Graduation from flight school would see dad
off to India where he would fly "The Hump" in his C-46 until the war's
end, but would not make it home until February of 1946.
Mom was still waiting, her daughter having
turned almost 4 years old until her daddy, and my mother's husband,
would finally come home.
Dad attended Auburn after that on the GI
Bill, getting his degree in Electrical Engineering in 1949. He went to
work for the TVA in Chattanooga, TN, and joined the Tennessee National
Guard as a pilot to generate some extra income for his family which now
included me, having arrived in this world 9 months to the day after my
dad's home coming from WW2. Imagine that.
What was unimaginable at the time was that
his guard unit would be activated for duty in Korea.

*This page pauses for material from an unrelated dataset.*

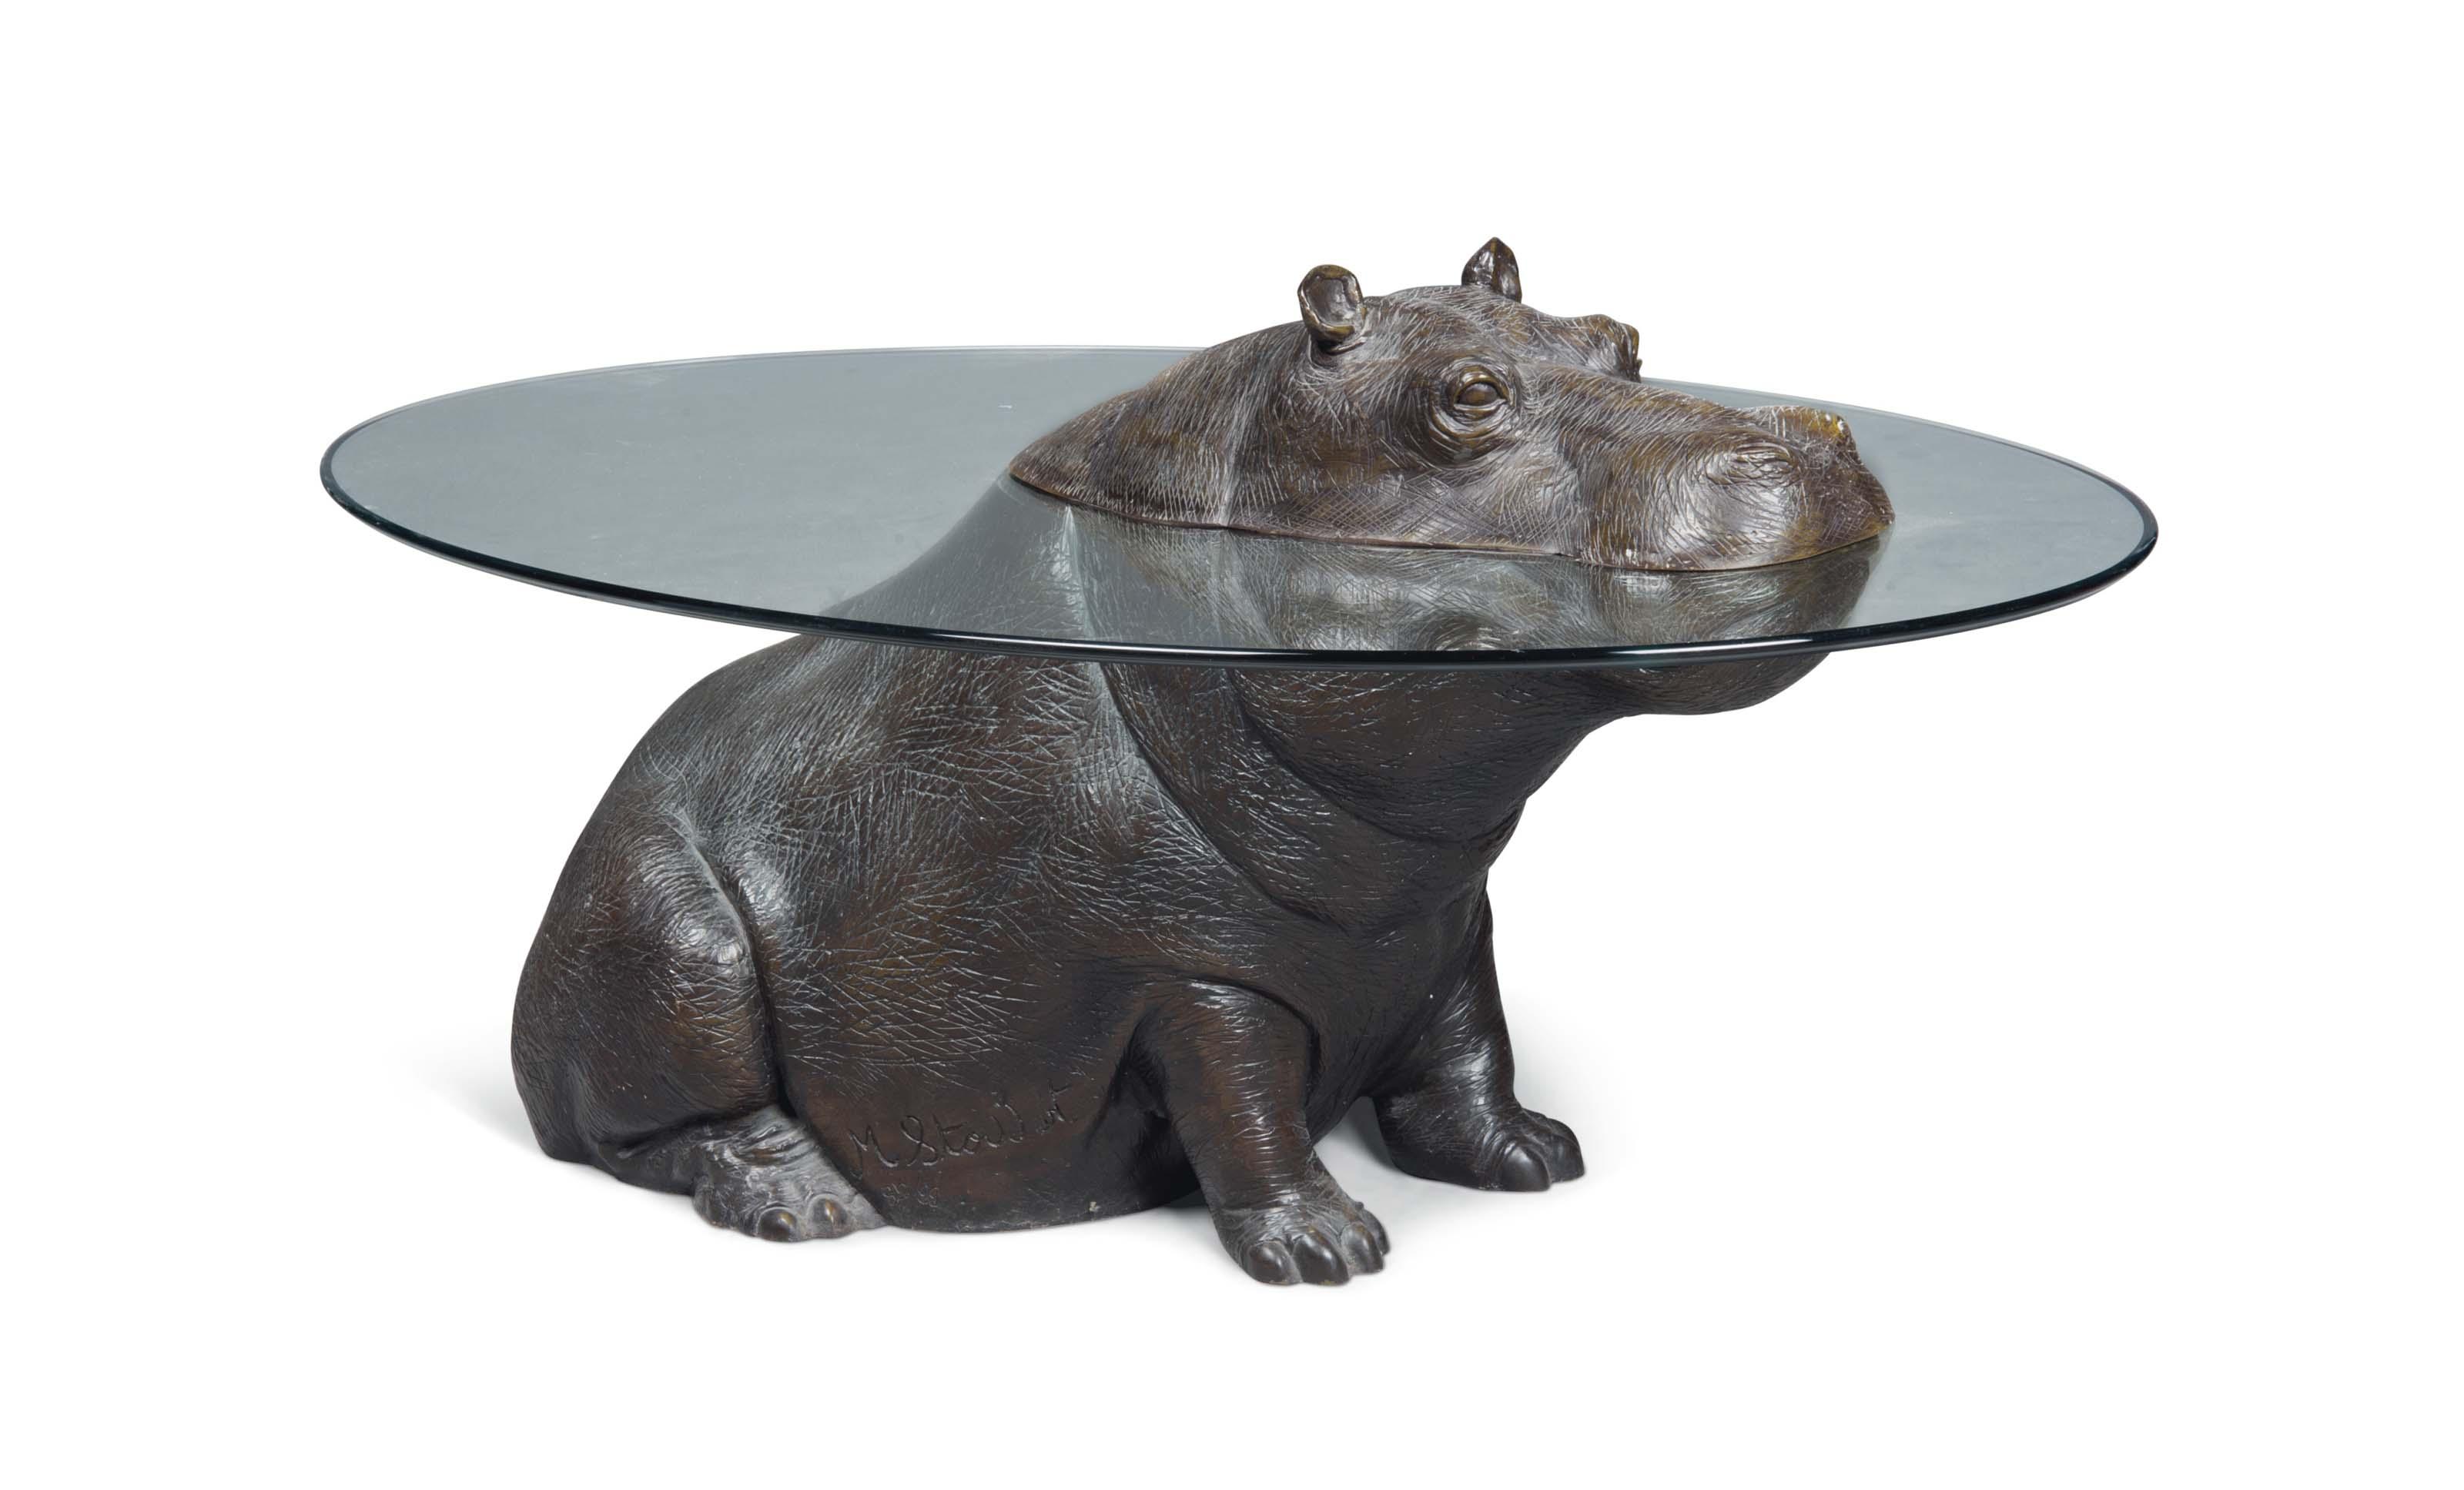 A Mark Stoddart Cheeky Hippo

After another 6 months gone from home for
predeployment training, he left for Korea in late 1950 and returned in
the Fall of 1952, my mother once again left behind to raise her son and
daughter.
Dad decided to stay in the military at this
point, having 6 years toward a 20 year retirement under his belt, and
we were to move a dozen times between then and his retirement in 1967,
he leaving us behind several more times in between as he attended
various military schools and a time in Germany alone before we could
join him in 1959.
My mom had become an army wife, having
unwittingly drifted into a life style that a small town Alabama girl
could never have imagined when she first met dad in 1941. One of
millions, she fought 3 wars with her husband, staying at home alone,
moving at the most inconvenient times, and sacrificing the home town
comforts enjoyed by most women whose husbands were civilians.
Here is to mom on Veteran's Day. Here is to
all the military moms who answered the call every bit as courageously
as their husbands did.
Sometimes I wonder who was the bravest, and
who had the hardest job. As a parent now, who understands the demands
of motherhood without the additional heavy weight of a military life on
their shoulders, I think I know the answer to that.